The size of the project – that is, the scope defined by the research question asked – will depend partly on:

  • time available
  • the availability of internal or external funding and support (e.g. grant money)
  • whether this should be a pilot project or build on other things
  • your research ‘sample’ and access to participants
  • whether the topic calls for cross-sectional or longitudinal designs and how this affects your availability and needs
  • whether this is to meet a higher degree or not.


Thinking point
  • You want to evaluate a workshop on stress management for practising pharmacists. Think about what might be affected by this course. What are some of the smaller and larger questions you might ask and what are the levels of assessment you might consider to test them, from the smallest to the grandest?



  1. The simplest level of assessment would be in terms of judging the participants’ immediate satisfaction with the course.
  2. The next level might be to address whether a change in knowledge has taken place.
  3. The next might involve considering whether a change in stress levels has occurred, after the course and six months later.
  4. The next level (an ambitious one) might look for relationships between changes in a specific patient-related outcome (e.g. complaints, patient satisfaction, quality of life, medication error) and changes in either or both knowledge and stress levels of the participants.
  5. The largest question would be to ask if the course has produced long-term effects on participants and patients. This most ambitious level would involve conducting a trial using the same outcomes as above, but randomly selecting those in the intervention group and those who become controls. Your choice of level would depend on the factors outlined above (Jones et al., 1988).

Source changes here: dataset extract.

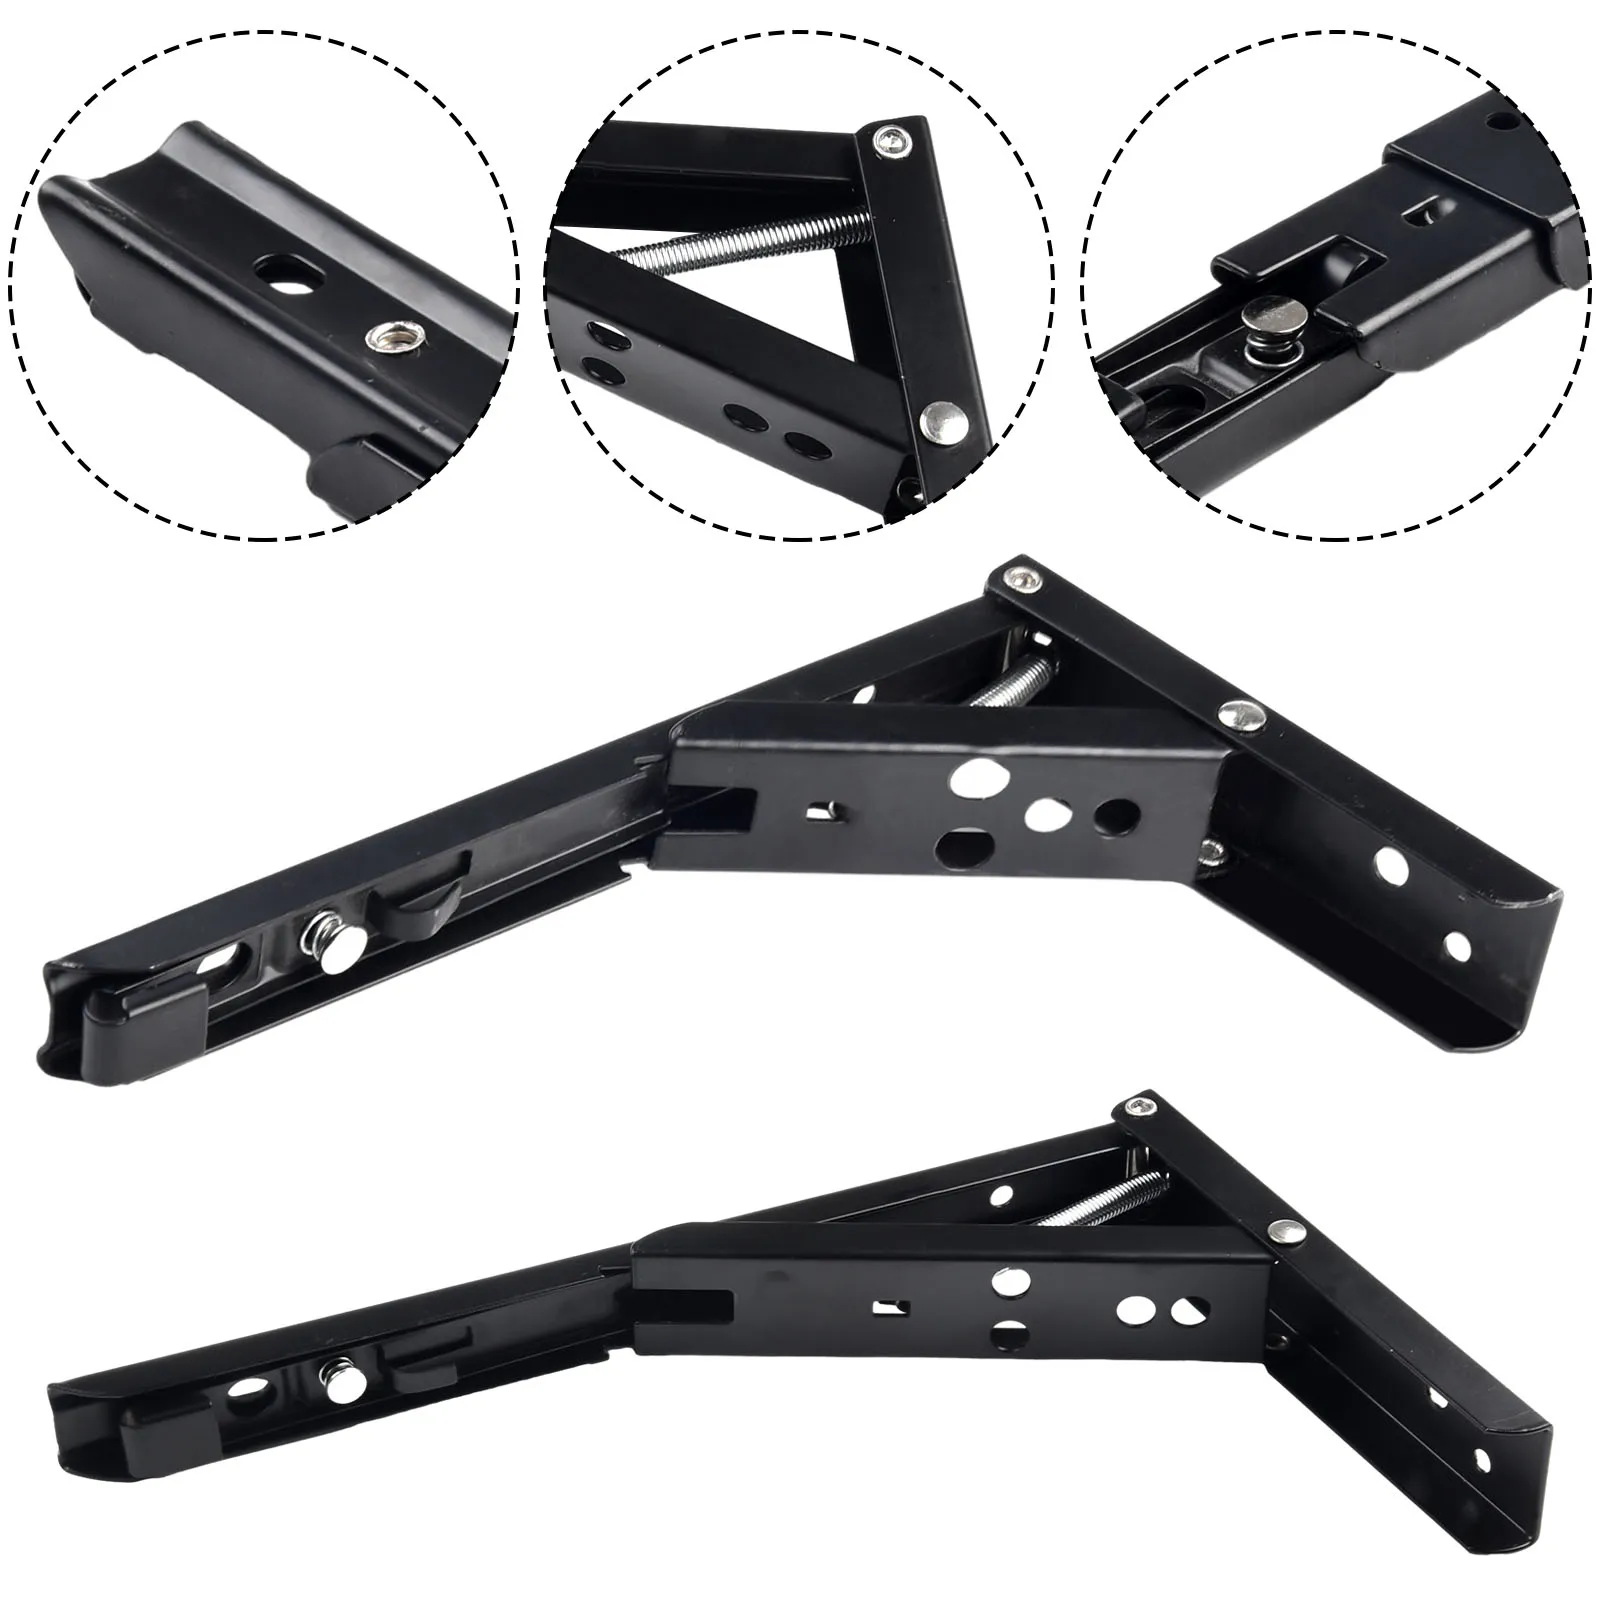 

1pc DIY Stainless Steel Folding Shelf Brackets Collapsible Hinge Accessories For Work Bench Black F-style Triangular Partition

As you see, each research question implies a different design and a different magnitude of commitment. Bordage and Dawson (2003) suggest that we ask the following questions about research design at this stage.

  • Do you want to intervene or simply observe?
  • Do you need a control group?
  • How will you control for confounding variables?
  • What is the ‘best’ research design to answer your question?


And the following questions about the sample of research participants.

  • What are your criteria for inclusion and exclusion of participants?
  • How are you going to obtain participants?
  • If an experiment, how will you assign participants?
  • How many participants do you need? How will you address issues relating to power and researcher bias?


Being able to answer these questions will help frame the research approach, study, methods and timeframe.